Let’s have first web testing checklist.
1) Functionality Testing
2) Usability testing
3) Interface testing
4) Compatibility testing
5) Performance testing
6) Security testing

1) Functionality Testing:

Test for - all the links in web pages, database connection, forms used in the web pages for submitting or getting information from user, Cookie testing.

Check all the links:

  • Test the outgoing links from all the pages from specific domain under test.
  • Test all internal links.
  • Test links jumping on the same pages.
  • Test links used to send the email to admin or other users from web pages.
  • Test to check if there are any orphan pages.
  • Lastly in link checking, check for broken links in all above-mentioned links.

Test forms in all pages:
Forms are the integral part of any web site. Forms are used to get information from users and to keep interaction with them. So what should be checked on these forms?

  • First check all the validations on each field.
  • Check for the default values of fields.
  • Wrong inputs to the fields in the forms.
  • Options to create forms if any, form delete, view or modify the forms.

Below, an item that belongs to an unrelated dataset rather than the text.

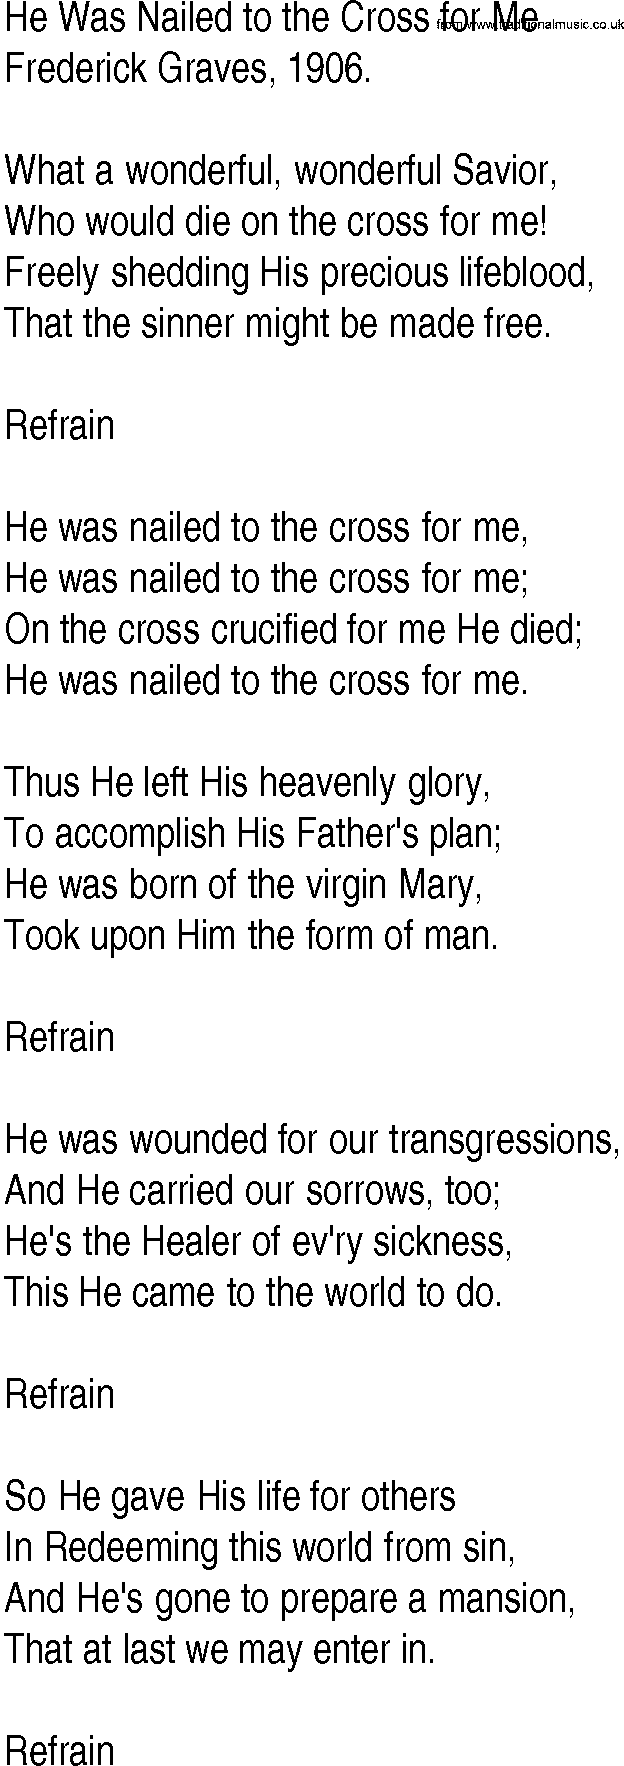 Hymn and Gospel Song: He Was Nailed to the Cross for Me by Frederick Graves lyrics
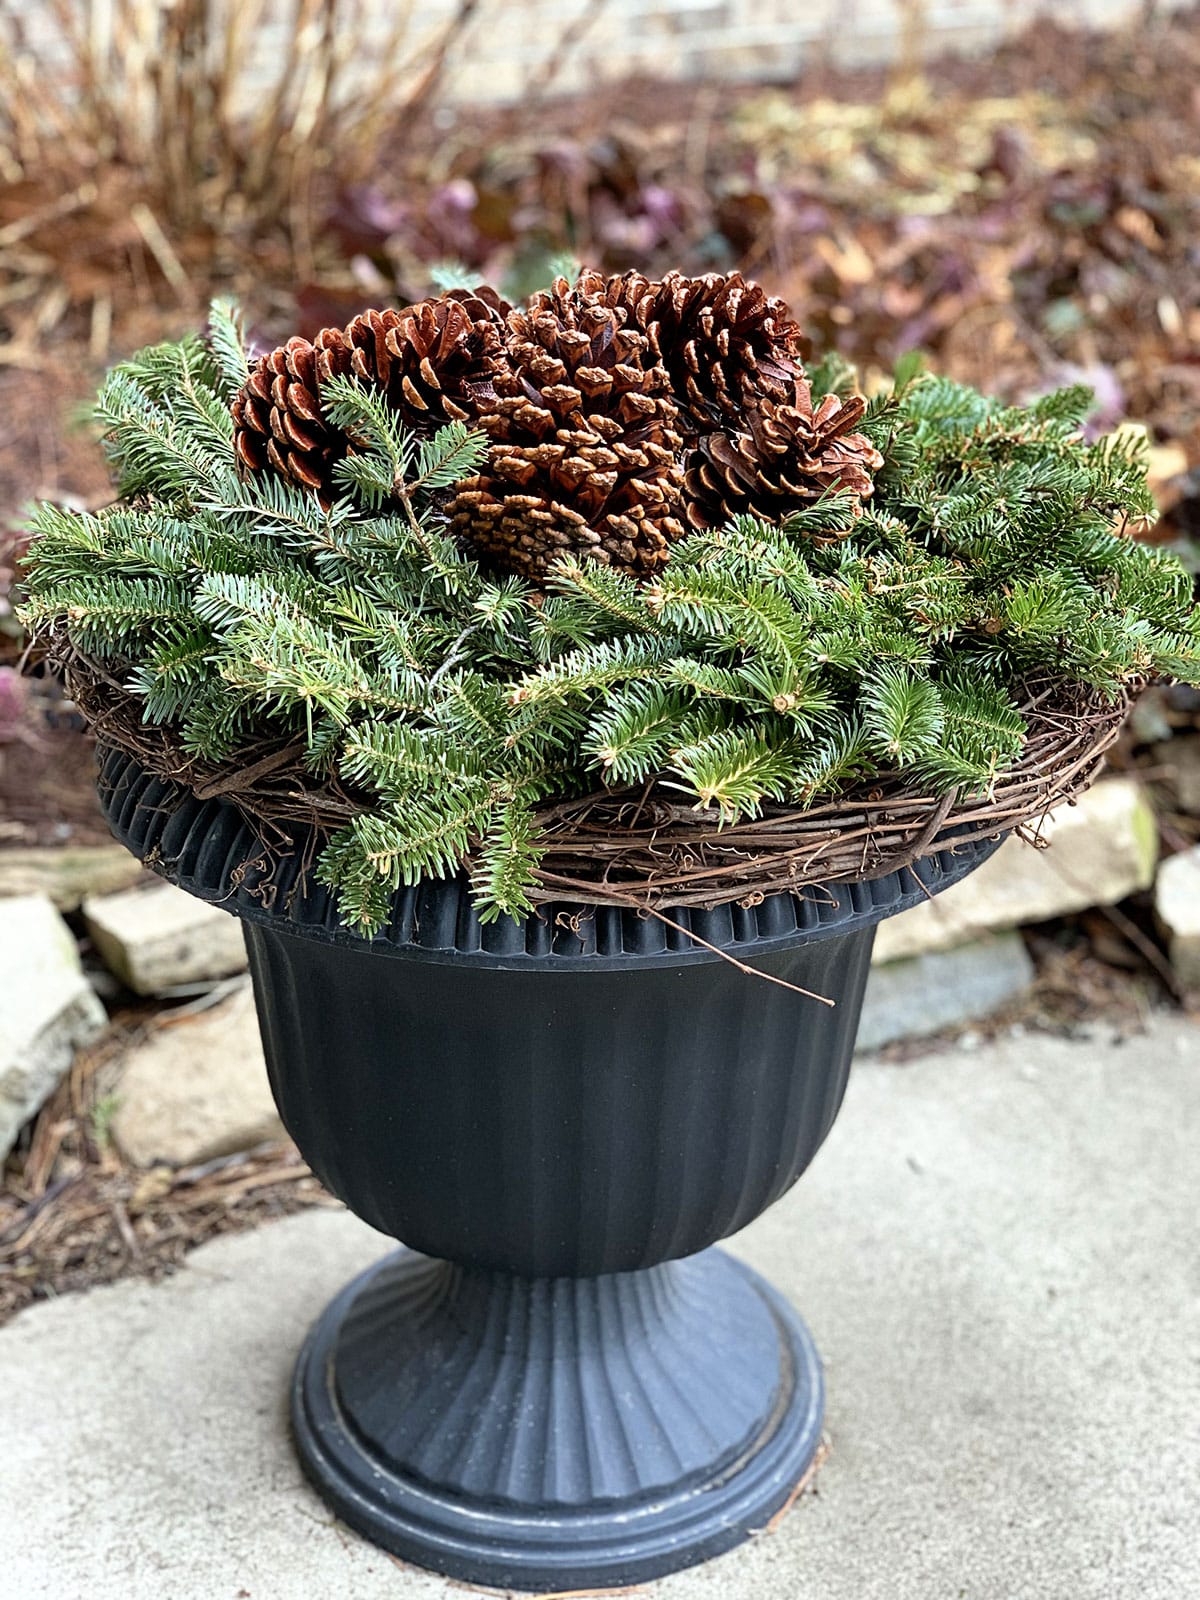 Winter porch pot for the holidays using pine cones, grapevine wreath and an inexpensive fresh greenery christmas wreath.

Let’s take example of the search engine project currently I am working on, In this project we have advertiser and affiliate signup steps. Each sign up step is different but dependent on other steps. So sign up flow should get executed correctly. There are different field validations like email Ids, User financial info validations. All these validations should get checked in manual or automated web testing.

Cookies testing:
Cookies are small files stored on user machine. These are basically used to maintain the session mainly login sessions. Test the application by enabling or disabling the cookies in your browser options. Test if the cookies are encrypted before writing to user machine. If you are testing the session cookies (i.e. cookies expire after the sessions ends) check for login sessions and user stats after session end. Check effect on application security by deleting the cookies. (I will soon write separate article on cookie testing)

Validate your HTML/CSS:
If you are optimizing your site for Search engines then HTML/CSS validation is very important. Mainly validate the site for HTML syntax errors. Check if site is crawlable to different search engines.

Database testing:
Data consistency is very important in web application. Check for data integrity and errors while you edit, delete, modify the forms or do any DB related functionality.
Check if all the database queries are executing correctly, data is retrieved correctly and also updated correctly. More on database testing could be load on DB, we will address this in web load or performance testing below.

2) Usability Testing:

Test for navigation:
Navigation means how the user surfs the web pages, different controls like buttons, boxes or how user using the links on the pages to surf different pages.
Usability testing includes:
Web site should be easy to use. Instructions should be provided clearly. Check if the provided instructions are correct means whether they satisfy purpose.
Main menu should be provided on each page. It should be consistent.

Content checking:
Content should be logical and easy to understand. Check for spelling errors. Use of dark colors annoys users and should not be used in site theme. You can follow some standards that are used for web page and content building. These are common accepted standards like as I mentioned above about annoying colors, fonts, frames etc.
Content should be meaningful. All the anchor text links should be working properly. Images should be placed properly with proper sizes.
These are some basic standards that should be followed in web development. Your task is to validate all for UI testing

Other user information for user help:
Like search option, sitemap, help files etc. Sitemap should be present with all the links in web sites with proper tree view of navigation. Check for all links on the sitemap.
“Search in the site” option will help users to find content pages they are looking for easily and quickly. These are all optional items and if present should be validated.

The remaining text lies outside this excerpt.